Perhaps, you’ve just assumed that what you feel is love when it could just be admiration. After all, there is nothing wrong in thinking a particular person is wonderful, and there’s no rule that forces you to fall in love with everyone who seems wonderful. For all you know, the happy feeling you experience when you meet this person could just be admiration for them, and not necessarily love.
#11 Your self-respect. There’s a reason behind why you want to stop yourself from falling in love with this person. And in all probability, it’s a convincing and real reason. So why are you stooping down, behaving like an idiot and losing your self-respect over someone who isn’t good enough for you? You’re worthy of a much better lover and a much better experience from love, and you need to keep that in mind. [Read: The real reason behind why love hurts so much when it goes bad]

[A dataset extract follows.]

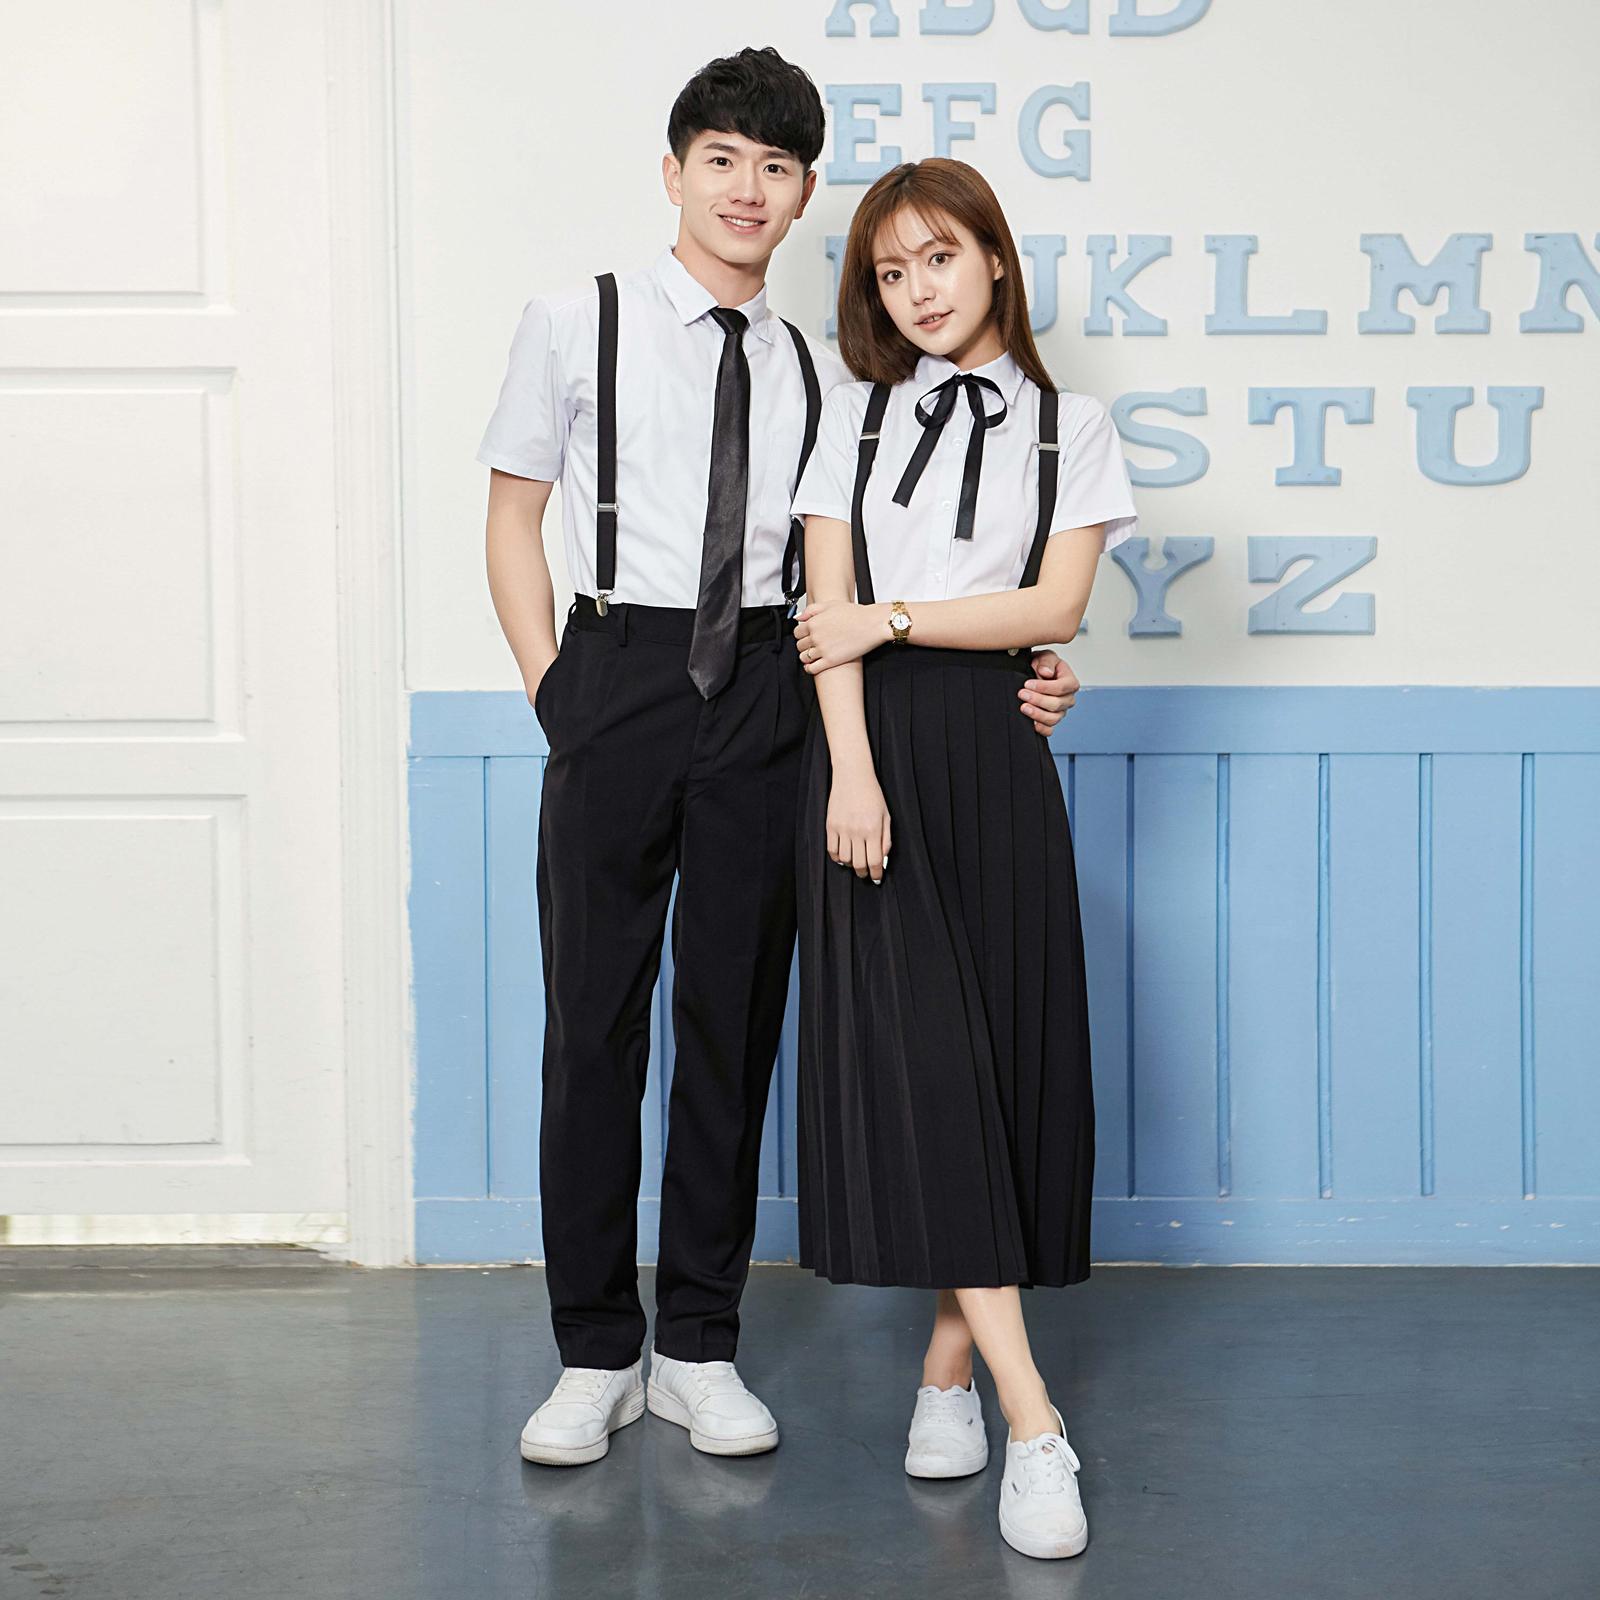 9028809dd6 Long Uniform Skirts For Juniors
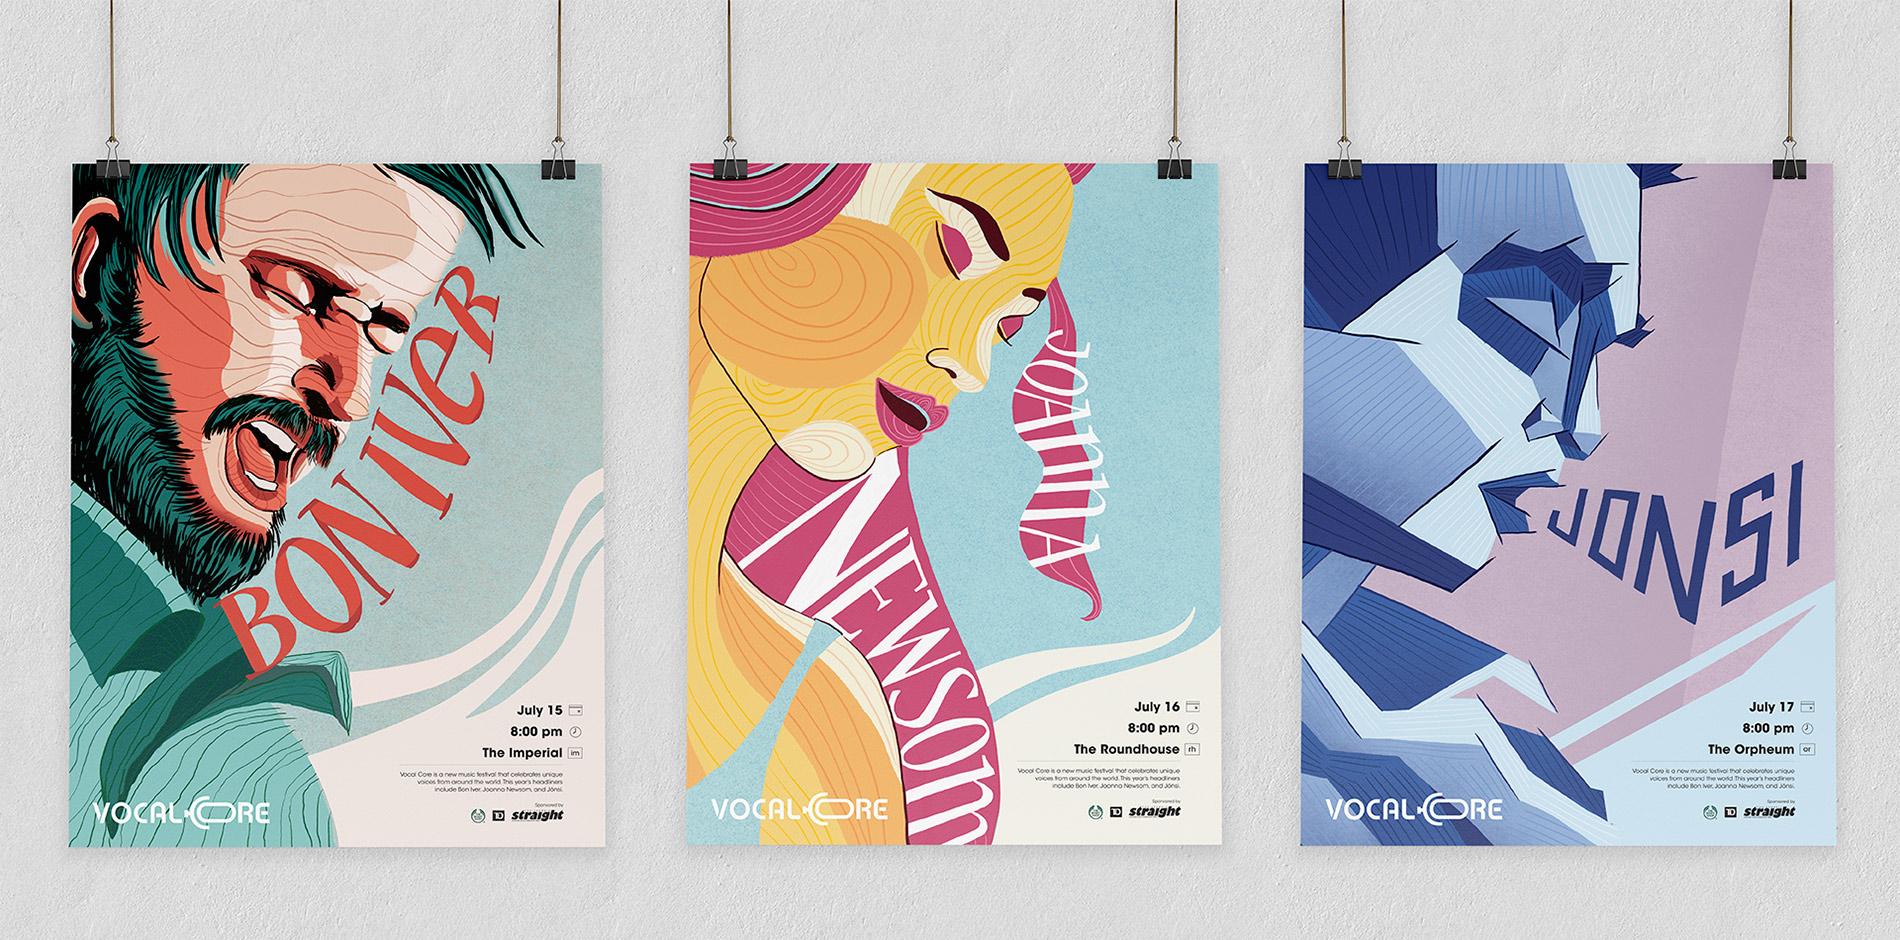 Vocal-Core-music-festival-poster-design-and-illustration.jpg

#12 Convince yourself. Wait it out. Infatuation stays alive for only as long as you feed it, with thoughts, emotions and fantasies. If you’ve truly made up your mind that you can’t, or don’t want to, see a future with this person, it’s only a matter of time before the feeling of infatuation starts to disappear.
#13 Talk to this person. Does this person know you like them, but don’t want to fall for them? If all else fails, talk to this person and tell them just how you feel. And ask this person to help you get over them. Avoid each other and use the no contact rule. It’ll hurt like crazy for a week or two, but beyond that point, almost suddenly, you’ll start to feel a lot better and more in control of your own life. [Read: 12 reasons why the no contact rule always works!]
Falling in love is the easiest thing to do, but backing away from it can be extremely painful and slow. But if you use these steps and 13 tips to avoid falling in love with someone to the tee, your recovery from heartache and pain would be a lot faster. And a lot easier too!